Muito se discute sobre a posição das cabeças dos metatarsais no plano coronal, com autores defendendo a disposição em arco e outros afirmando que as cinco cabeças se posicionam alinhadas no mesmo plano.[1] [2] [3] [4] [5] [6] [7] [8] [9] [10]

Tradicionalmente o arco transverso na altura da cabeça dos metatarsais era considerado existente, de maneira que as porções distais dos 1° e 5° metatarsais seriam mais próximas ao solo do que as centrais durante a carga.[10]

A existência do arco transverso na altura das cabeças dos metatarsais é bastante controversa, sendo debatida desde meados de 1800, apresentando resultados contraditórios.[2] [3] [4] [5] [6] [7] [8] [9] [10] [11]

Enquanto Lelièvre,[12] Mann,[13] Saló,[14] Sarrafian e Kelikian,[15] e Viladot[16] [17] afirmam que as cabeças dos metatarsais estão alinhadas no plano coronal com carga, Simonsen et al.[8] e Kapandji,[18] entre outros,[19] [20] defendem a teoria do apoio de três pontos, com o arco transverso com ápice dorsal na altura da cabeça do 2° metatarsal.

Walter-Muller (1926), Blondin-Walter (1948), Güntz (1938) apud Lelilèvre,[19] Viladot,[17] Suzuki et al.[21] e Osher et al.[22] propõem técnicas radiográficas diferentes para visualizar a disposição das cabeças dos metatarsais no plano coronal. Algumas criticadas por não permitirem carga, outras por excesso de extensão das articulações metatarsofalângicas. Até o momento não há consenso sobre qual seria a disposição fisiológica das cabeças dos metatarsais com carga no plano coronal, se alinhadas ou em arco. Também se questiona qual seria o melhor método radiográfico para avaliar esse plano.

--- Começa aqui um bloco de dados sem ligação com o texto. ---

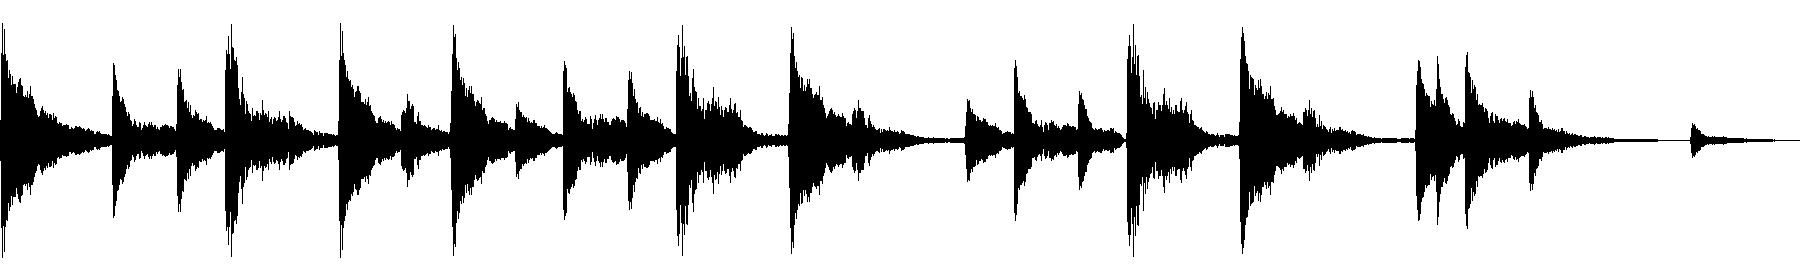 g abs05 059

Considera-se que o formato e disposição dos metatarsais apresentam impacto direto na distribuição de carga dos pés.[13] [23] Alterações do alinhamento fisiológico dos metatarsais estão relacionadas a uma má distribuição de carga, sobrecarregando diversas estruturas do antepé,[6] [7] [8] [24] [25] [26] causando metatarsalgia.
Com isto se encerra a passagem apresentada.